Жемчужина дракона
Шрифт:
Тончайшая нить силы устремилась к Китарэ от Ива, и, как только она соприкоснулась с ним, его мир перевернулся. Никогда прежде, сколько бы раз перед ним ни стоял один из возможных кандидатов, он не переживал ничего подобного. Его расколотая на части душа, измученный постоянным контролем, приступами гнева и бесконтрольной яростью разум вдруг обрели свою целостность и ясность. Ему стало легко и хорошо. Сила двенадцати эвейев, его Ожерелье императора впервые ощущалось им как нечто завершенное и гармоничное. В сердце не осталось потаенных страхов, ненависти, гнева. Все встало на свои места. Этот краткий миг, что длился не дольше крошечного вдоха, казалось, он запомнит навсегда! Он чувствовал полное умиротворение, словно стоял на залитом летним солнцем лугу, на берегу лесного озера, ощущал дуновение ветра. Мир и покой сплелись вокруг него
Все закончилось так стремительно, оборвавшись вместе с хриплым, полным надрыва выдохом огненного эвейя. Ив надсадно захрипел, закинул голову назад, его тело била мелкая дрожь, он вдруг начал как-то медленно оседать. Толком не осознавая, что происходит и что он делает, Китарэ бросился к нему, в последний миг подхватил у самого пола, не дав разбить голову о каменный пол. Связь разорвалась, и тут же вернулись пустота, одиночество, боль и вечный гнев, что не отступал ни на минуту. Он все еще ненавидел эвейя, что сейчас лежал у него на руках, но теперь знал самое главное, с чем ему придется смириться… Тот, один вид которого распаляет в нем настоящий пожар ненависти и презрения, кто будит в нем все, с чем он борется всю свою сознательную жизнь, теперь часть его будущего и настоящего.

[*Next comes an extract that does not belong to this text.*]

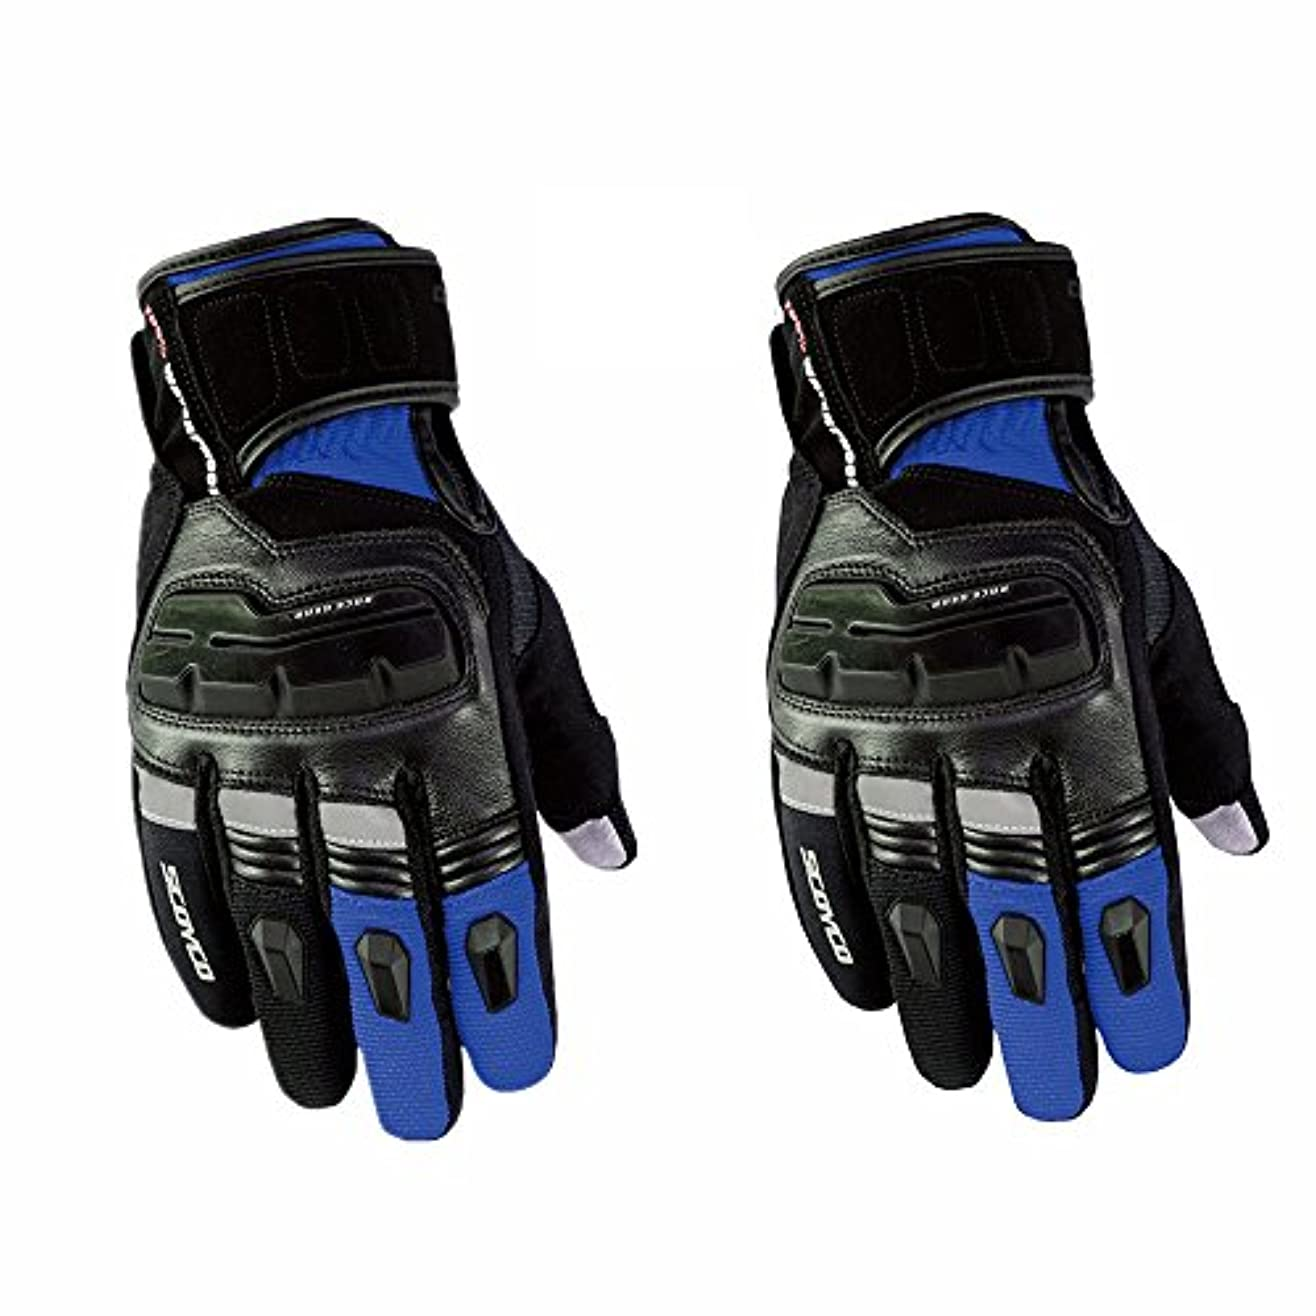 シンプルさ増加する出撃者手のひら保護手袋 保護バイク用手袋 自転車 マウンテンバイク 男性手袋 に適用する バイク 自転車 レーシング 維持しやすい (色 : 青, サイズ : XL)

Китарэ быстро поднялся, продолжая удерживать на руках чересчур легкое тело Ива, и направился к выходу, не дожидаясь ни друзей, ни комментариев Верховного.
– Китарэ… – Дилай дернулся было следом, но был тут же остановлен властным взмахом руки иса Тарона.
– Надо бы убраться, – бросил мужчина, как всегда с легкой улыбкой глядя на своих воспитанников. – Накровили, натоптали, протереть бы…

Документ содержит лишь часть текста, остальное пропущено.